After reading Matti Svensson’s article, Modin turned off his tablet. That was enough shit for one day. He had hoped that Kim would stop the project, but it looked like the Special Ops had taken over after all. Fuck them!
He went to the cabinet and opened a bottle of red wine. He really needed a drink; he just couldn’t resist. The liquid had to go down his esophagus. He couldn’t remember such an urgent craving for alcohol ever. Thus far, he had been able to keep his cravings under control. He poured out a sizeable glass and downed half of it in one gulp. He then sat down on the couch in an attempt to relax, the glass and bottle at a comfortable distance.
The trip to Estonia had changed him, both physically and mentally. He felt weak. He didn’t give a damn about anything. What had been important before now left him indifferent. He was lost.
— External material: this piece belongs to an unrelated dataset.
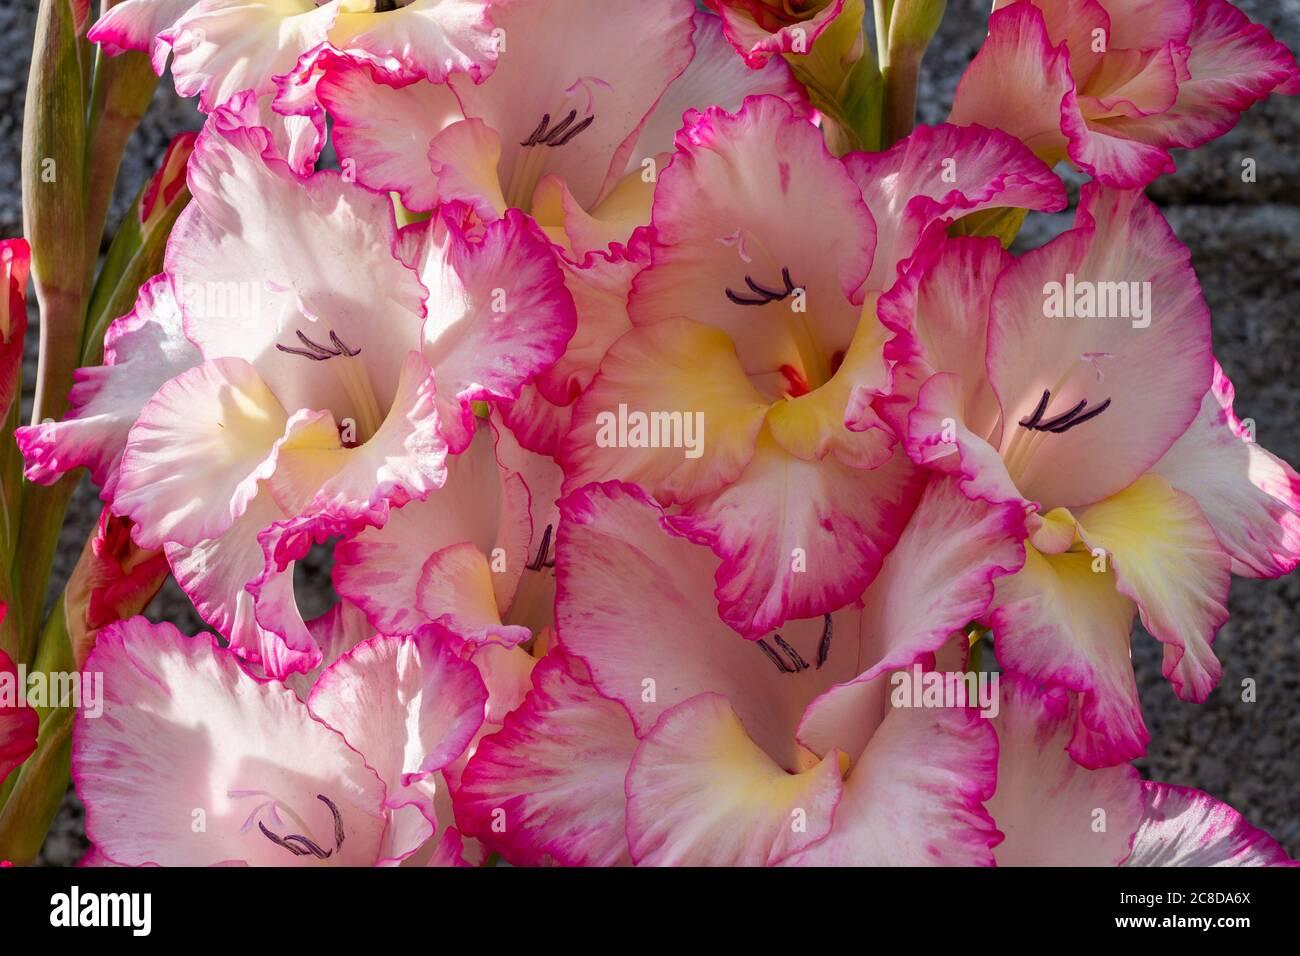 gladiolus-priscilla-in-full-summer-flower-2C8DA6X.jpg

He had some more wine. No family; no roots; no friends. But I do have some eight million USD to drink up, he thought with a smirk. I suppose that sum of money would be enough to drink myself to death. Modin put his leg up on the coffee table so that it pressed comfortably against his stiff calves.
What’s going to happen? The Cold War front has moved to the Baltic countries: Estonia, Latvia, and Lithuania. History was being written there. Sweden was stuck with fragments of the old Cold War—leftovers from the secret NATO organization Crack of Dawn and other garbage, such as Loklinth and his Special Ops.